ASSIGNED TASK: Return exactly the lines from the one containing "John Chivers' Zero" through the end of the material below, and leave the images out.

***** DATA BLOCK *****

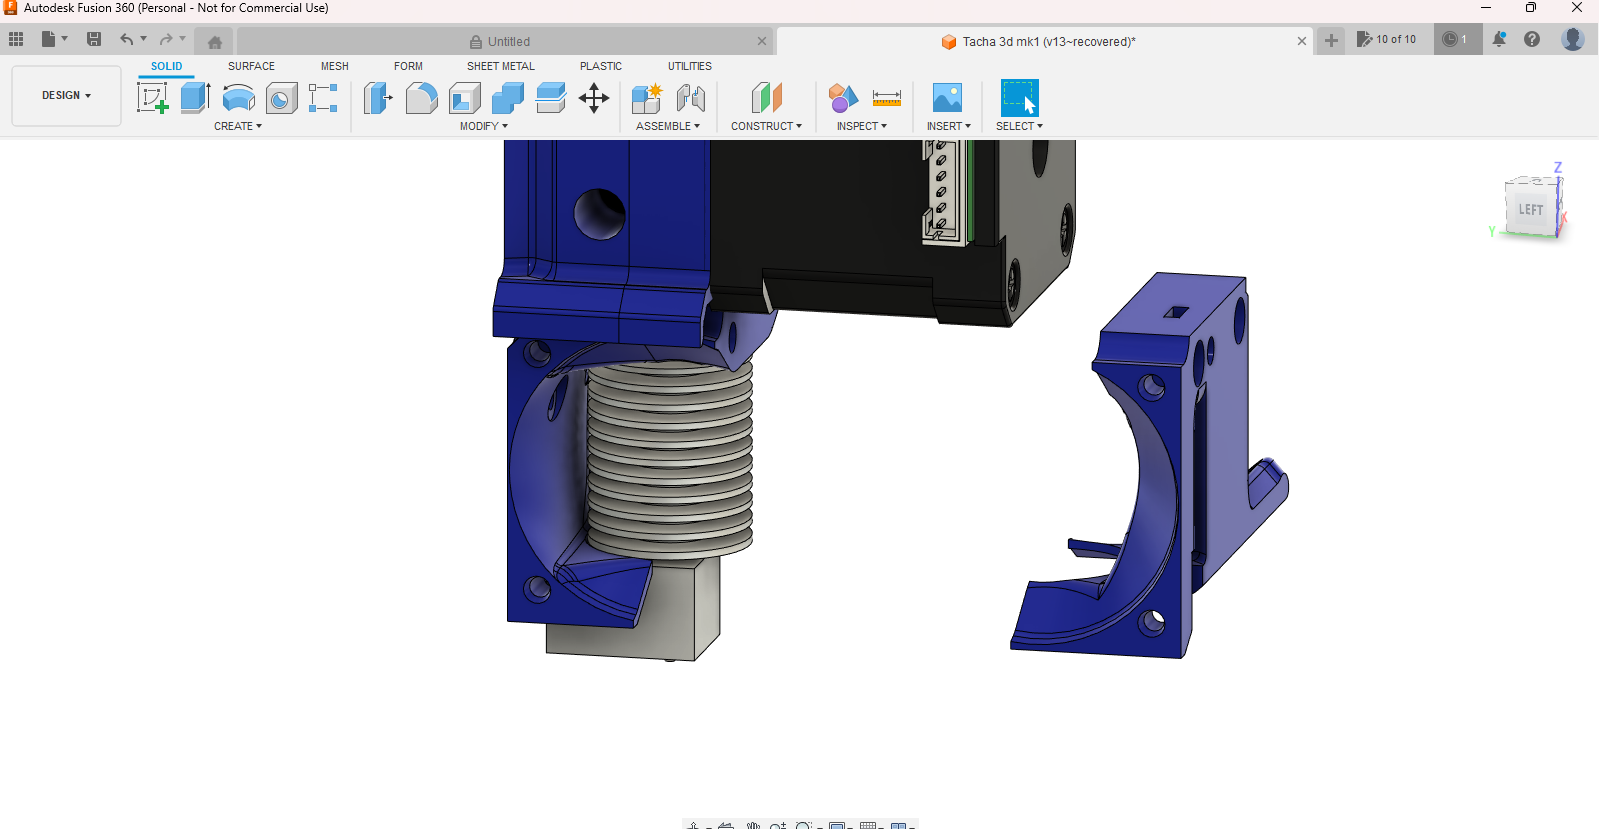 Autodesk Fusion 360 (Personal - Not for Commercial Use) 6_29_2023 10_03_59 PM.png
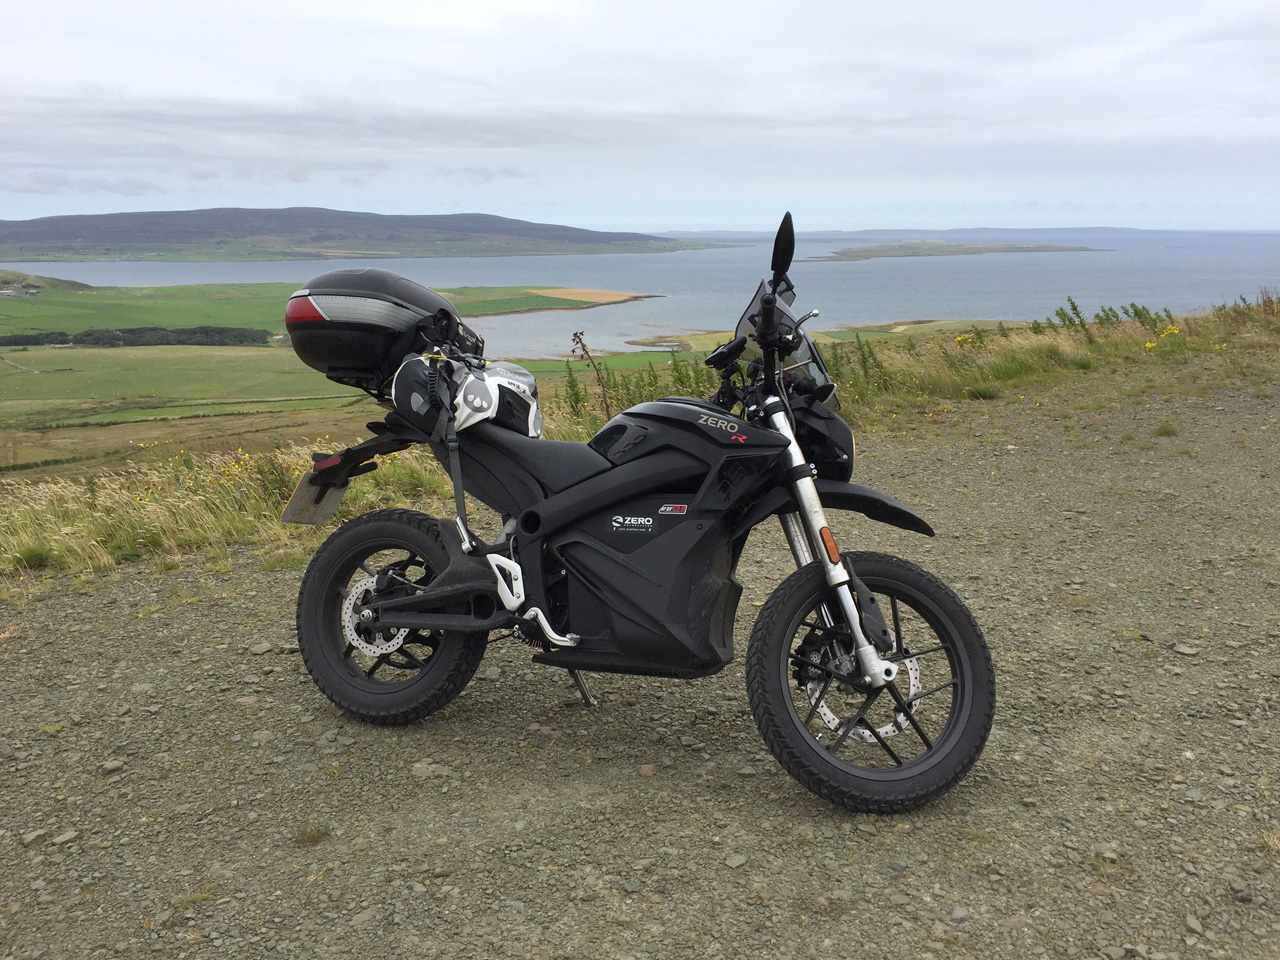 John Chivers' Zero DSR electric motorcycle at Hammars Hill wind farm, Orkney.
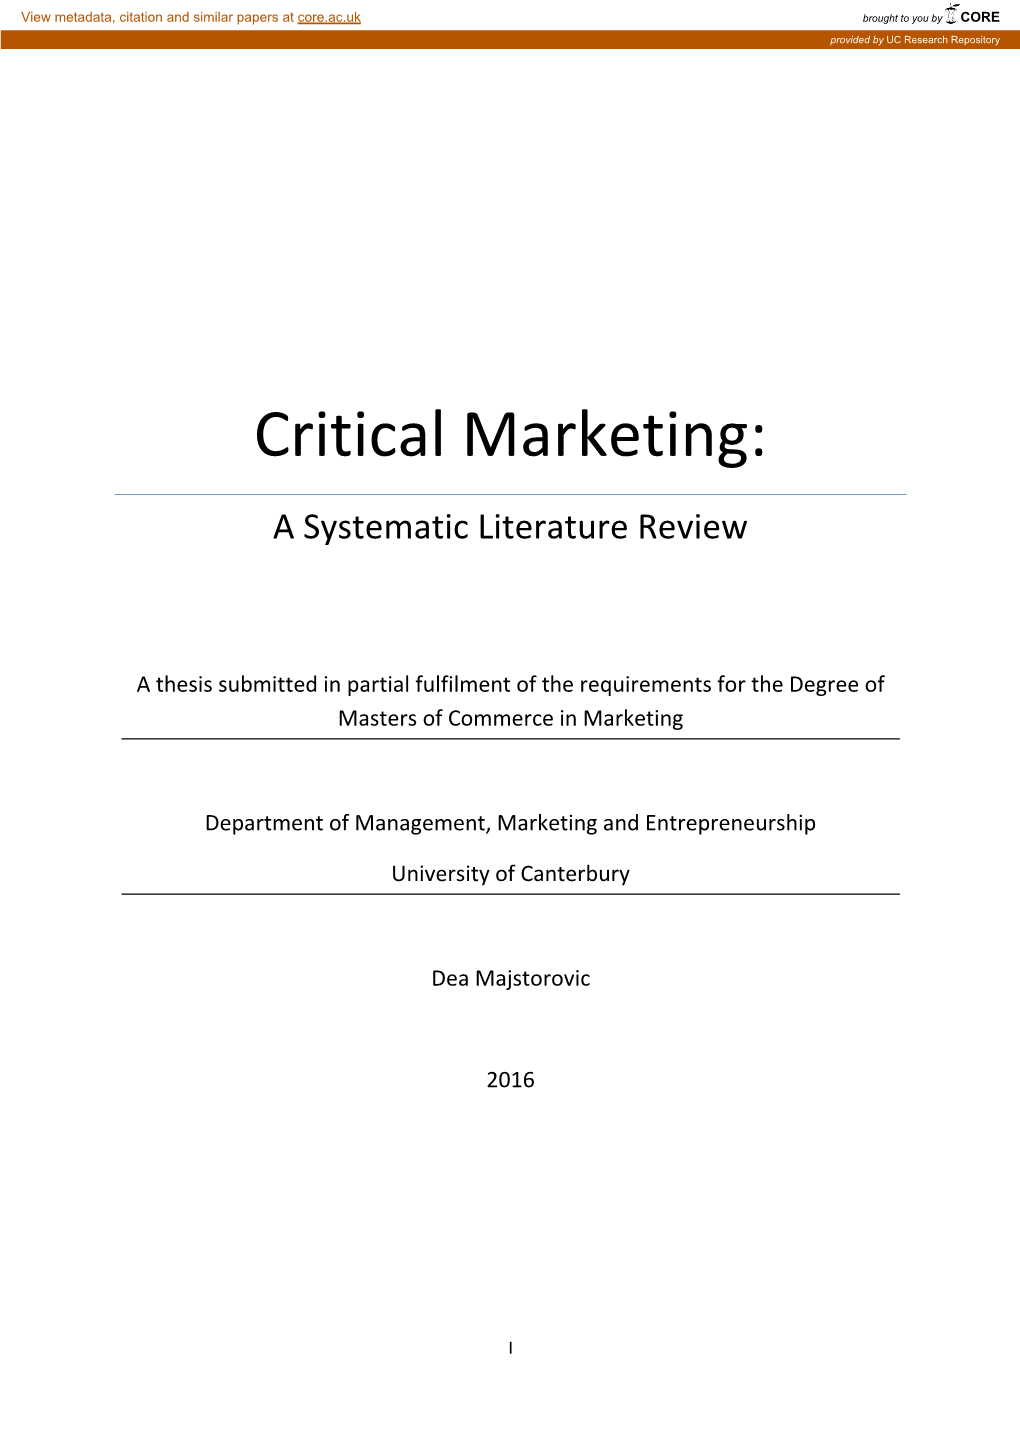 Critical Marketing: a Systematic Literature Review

*****

REPLY TO THE EXERCISE:
 John Chivers' Zero DSR electric motorcycle at Hammars Hill wind farm, Orkney.
 Critical Marketing: a Systematic Literature Review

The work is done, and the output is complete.